The hacker known as Phineas Fisher published a manifesto on Friday offering to pay hackers up to $100,000 to carry out politically motivated hacks against companies that lead to the disclosure of documents in the public interest. https://t.co/24EAUtVOay
— Kim Zetter (@KimZetter) November 17, 2019
Or towards hacktivism of hate?
That early hacktivism now seems a distant memory. On the one hand, the attacks were somewhat normalised, even industrialised by malware sold as a kit on the darknet, thus losing their wonder. “The first ransomware introduced a new approach to hacking. Lots of MaaS (Malware as a Service) platforms made attacks easier and more accessible. For many hacktivists, a campaign only makes sense if it’s original. People lose interest if it becomes part of a new normal”, analyses Marco Genovese.
Hacktivism isn’t dead, it’s constantly evolving.Fabrice Epelboin, French specialist in hacktivism
On the other hand, a new form of hacktivism has slipped under the radar, one more closely linked to the media and its alternatives. “In France, when Jean-Marie Le Pen was excluded from mainstream media, a certain section of the French population took refuge online. Three years on, Dieudonné was excluded and, again, a certain group of people took refuge in the online world. Then there were those who voted no in the referendum... Today, all these various parts of French public opinion can be found on the Internet”, explains Fabrice Epelboin. “They’ve developed the skills and discussions that simply don’t appear in the mainstream media. Hacktivism isn’t dead, it’s constantly evolving”. What’s clear is that hacktivism is no longer the preserve of hackers alone, it’s become a tool in the hands of various powers. As a result, two forms of hacktivism are particularly active today: media hacktivism – from the likes of Cambridge Analytica, the former American Vice-President of which Steve Bannon never hid his intention to interfere with European elections to install hard-right candidates in power – and terrorist hacktivism – such as ISIS, a large part of whose activities (recruitment, networking, communications and propaganda) take place online. A change of scale and unprecedented dialogue.

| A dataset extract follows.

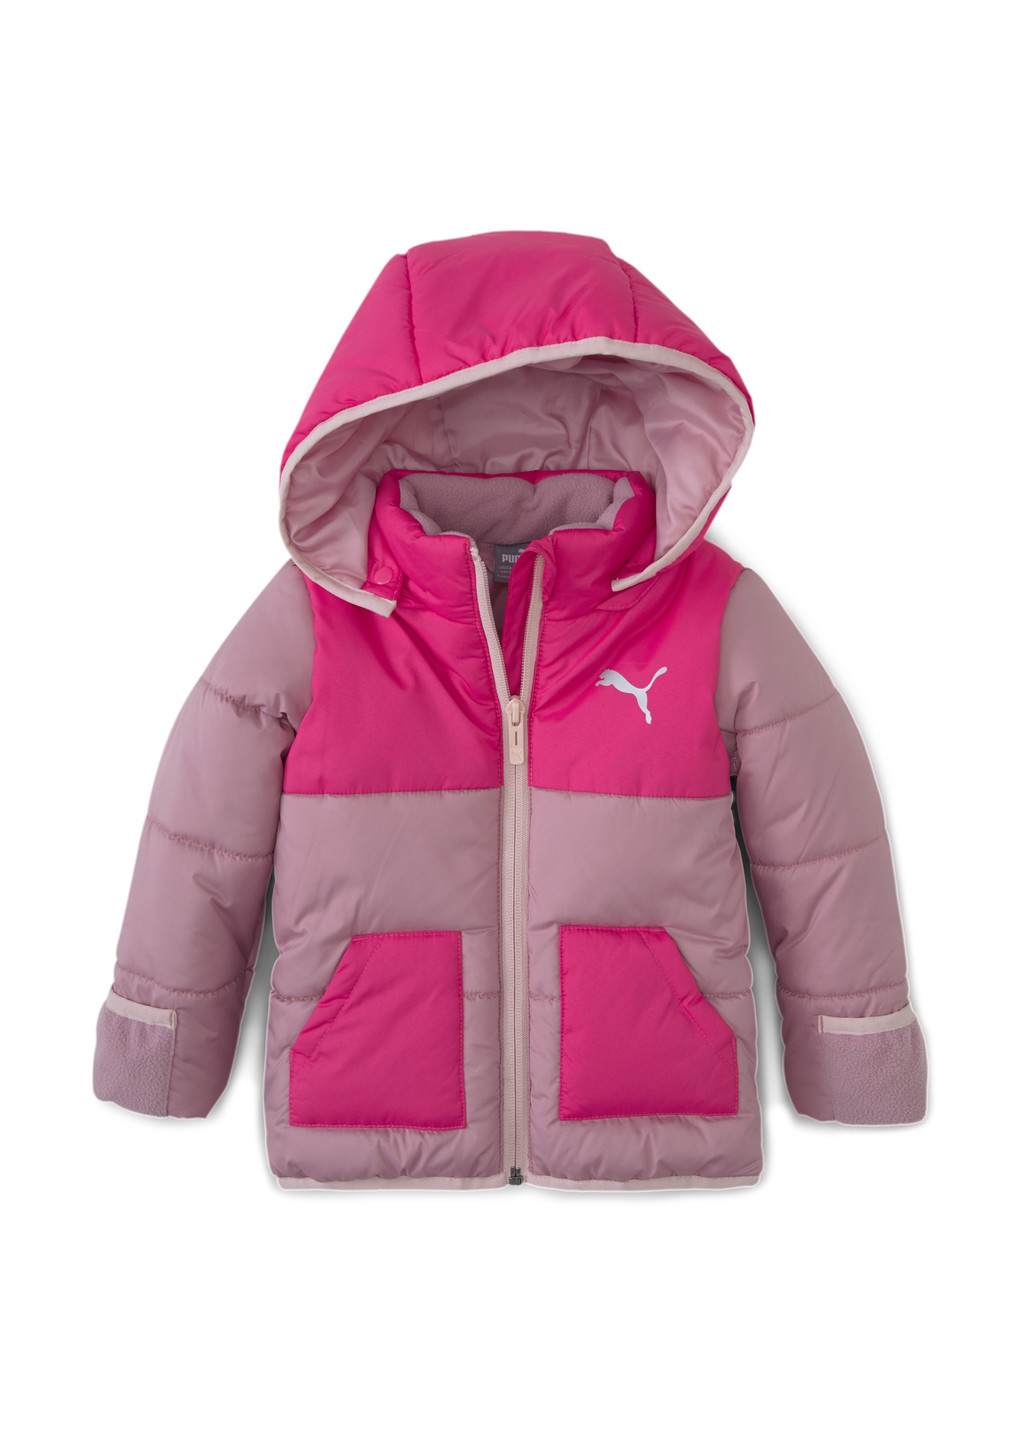 Розовая демисезонная детская куртка minicats padded jacket Puma

Tomorrow’s hacktivism will centre around states and citizens
“The most impressive softpower action online was clearly how Cambridge Analytica led to the election of Donald Trump”, explains Fabrice Epelboin. Behind this organisation we find Steve Bannon, but also Peter Thiel, Trump’s digital advisor, who is also the founder of PayPal and Palantir, a surveillance software used by several of the world’s intelligence agencies. Not to mention billionaire Robert Mercer, who funded Trump’s campaign and is one of the founding fathers of artificial intelligence. “These are IT geniuses getting into politics, and that’s crucial for understanding what’s really taking place”, insists Fabrice Epelboin. “Hacktivism isn’t dead, but it’s being recovered by the powerful, and we aren’t necessarily noticing”.

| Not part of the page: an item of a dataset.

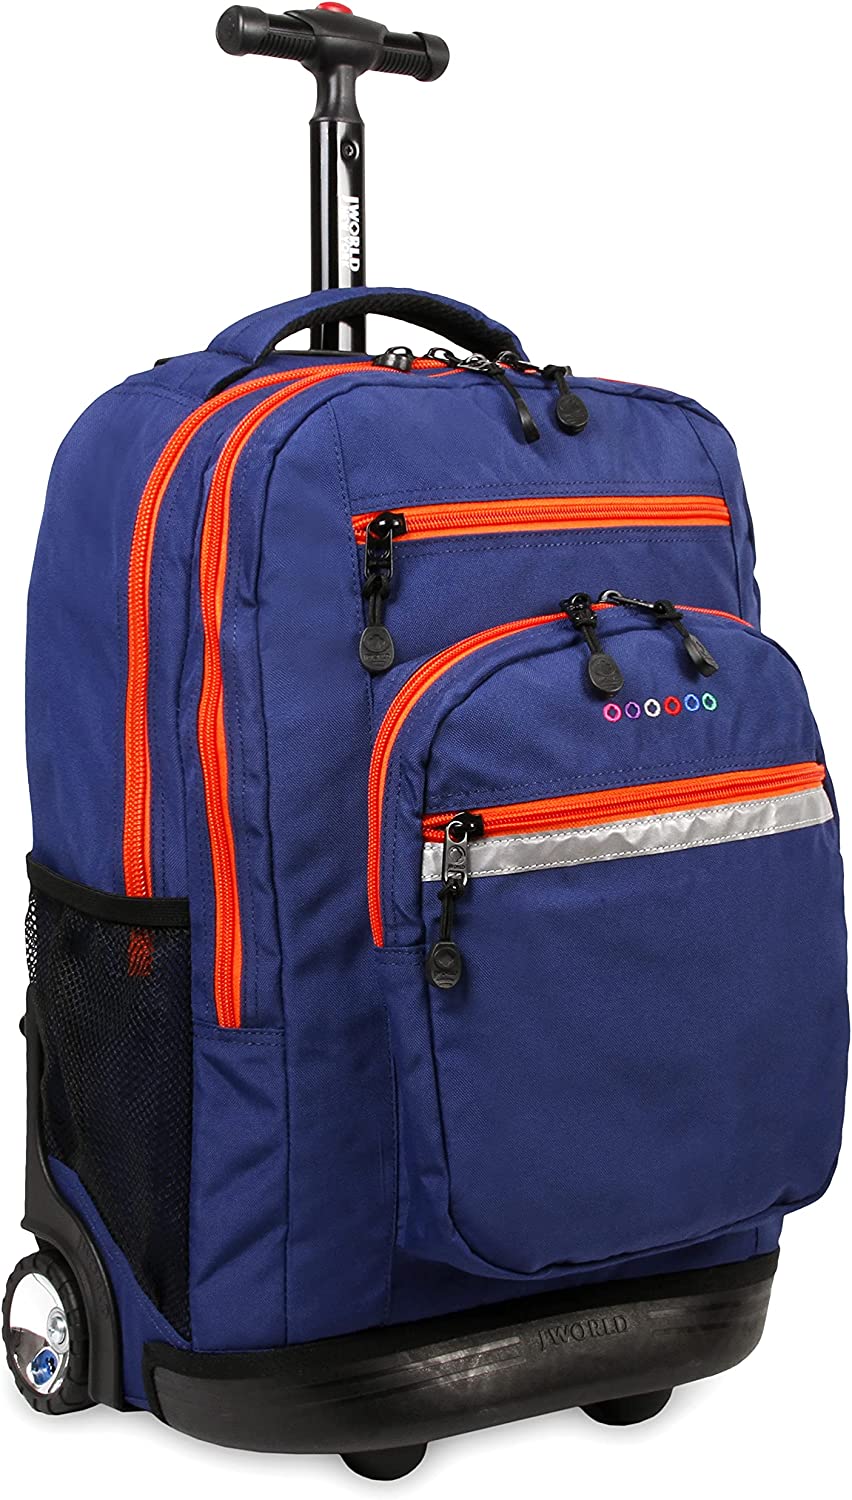 Sundance Rolling Backpack Girl Boy Roller Bookbag, Navy, One Size

This is where we arrive at a new challenge, data. “It’s ironic that most hacktivists began their careers out of a desire to guarantee free access to online information”, notes Marco Genovese. “Today, the problem has been reversed, given data is so easily accessible. Even our personal data is now exposed online” and exploited by these new hacktivists.
Is something about to come along and wake this historic hacktivism from its slumber?